Popular culture could help play a role in drawing more women to engineering, said Ms. Burgart, pointing to the comedy The Big Bang Theory, whose colourful characters include a female physicist and a female neuroscientist. Ms. Burgart, who admits to having a shower curtain with the periodic table of chemical elements, said that even though the show is “over the top” and the main characters are socially dysfunctional men, she appreciates the science references, especially to physics.
“I always tell kids if you like building things and you like to be creative and problem solving, if you enjoy constantly learning and wondering how things work, that’s the type of thing to expect in a career in engineering,” said Ms. Burgart, who hopes to obtain her professional engineering designation, or P.Eng, in two years.

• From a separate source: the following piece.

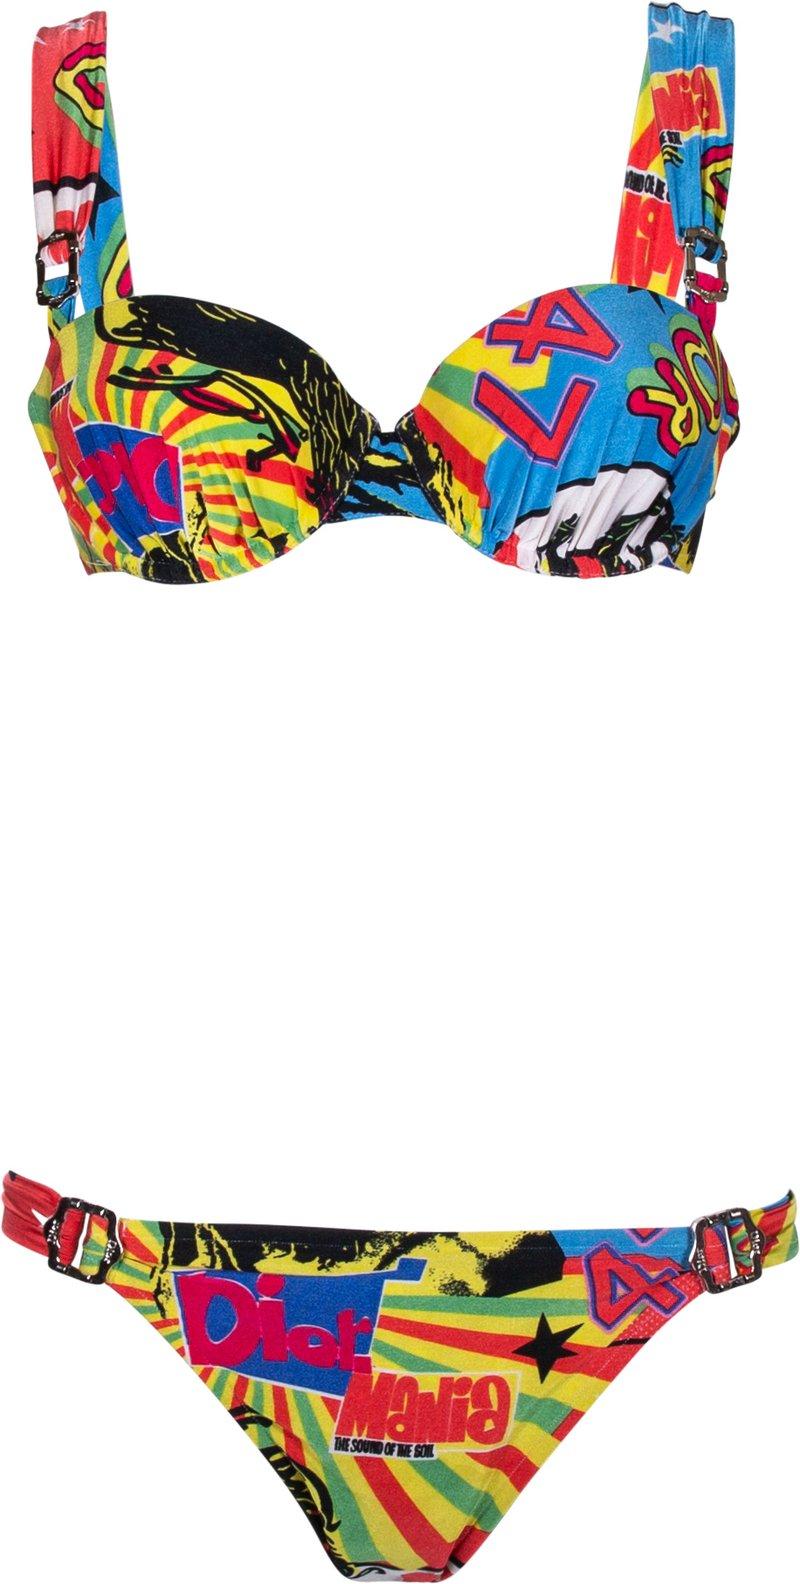 Rasta Bikini Set by Dior, available on tradesy.com for $835 Kourtney Kardashian Top Exact Product

Ms. Burgart’s salary is likely to increase as she climbs the professional ladder. The level of compensation is forecast to rise for both male and female engineers, although men make more money than women. The Association of Professional Engineers and Geoscientists of Alberta (APEGA) conducted a survey in mid-2012 of 87 companies representing 9,635 members. Male engineers in the highest pay category reported an average annual base salary of $214,255, compared with $196,232 for female engineers.
APEGA argues that in order to meet the labour crunch, companies should recruit more underrepresented groups – foreign-educated graduates, aboriginals and women. For now, women account for 14 per cent of the total membership of the organization of 65,241 and APEGA has set a target to raise the proportion of women among its ranks to 30 per cent by 2030.
In the long term, solving the employment shortage will require a younger generation to pursue scientific fields. Prof. Grozic said math and science were her favourite subjects but younger girls sometimes drop these classes.
She graduated in 1999 from the University of Alberta with a PhD in geotechnical engineering and grew up in rural Alberta where she remembers being a hands-on kid. “I was always out there catching frogs or making dams in the mud and that sort of thing,” she said. “Certainly through school, math was something that came very easy for me, as did the sciences – physics and chemistry in particular. I knew in high school that I would probably be pursuing something in the sciences or engineering.”
She has advised her 10-year-old niece, Catherine, to keep an open mind after the girl soured on math, in particular. “I sat her down and said no matter what you do in life, it’s important that you know the fundamentals of math,” Prof. Grozic said. “If you’re going to be an actress, if that’s what you want to do, you’re going to have an agent who’s going to take a commission, and you don’t want to get fleeced.”
Being keen on science and engineering runs in the family. Her husband Ed works as a consultant in geotechnical engineering, focusing on the Arctic. Her older brother is a computer scientist and her younger brother has a PhD in geophysics. Their father, Don Hayley, is a retired geotechnical engineer while their biologist mother, Dianne Hayley, co-wrote the Knee High Nature series of books for children.
The mother of two girls, ages six and eight, Prof. Grozic enrolled her eldest daughter, Milana, in an all-girls science camp this past summer at the University of Calgary, saying it provided a calmer environment because boys tend to be less focused at a young age.
When it comes to speaking to a classroom of boys and girls in Grade 5 or 6, Prof. Grozic talks strictly about science and engineering, not gender differences.
“Being a role model is not so much telling young girls that they should go into engineering. By standing up in the class and being an engineer, the girls see that they can be an engineer,” Prof. Grozic said.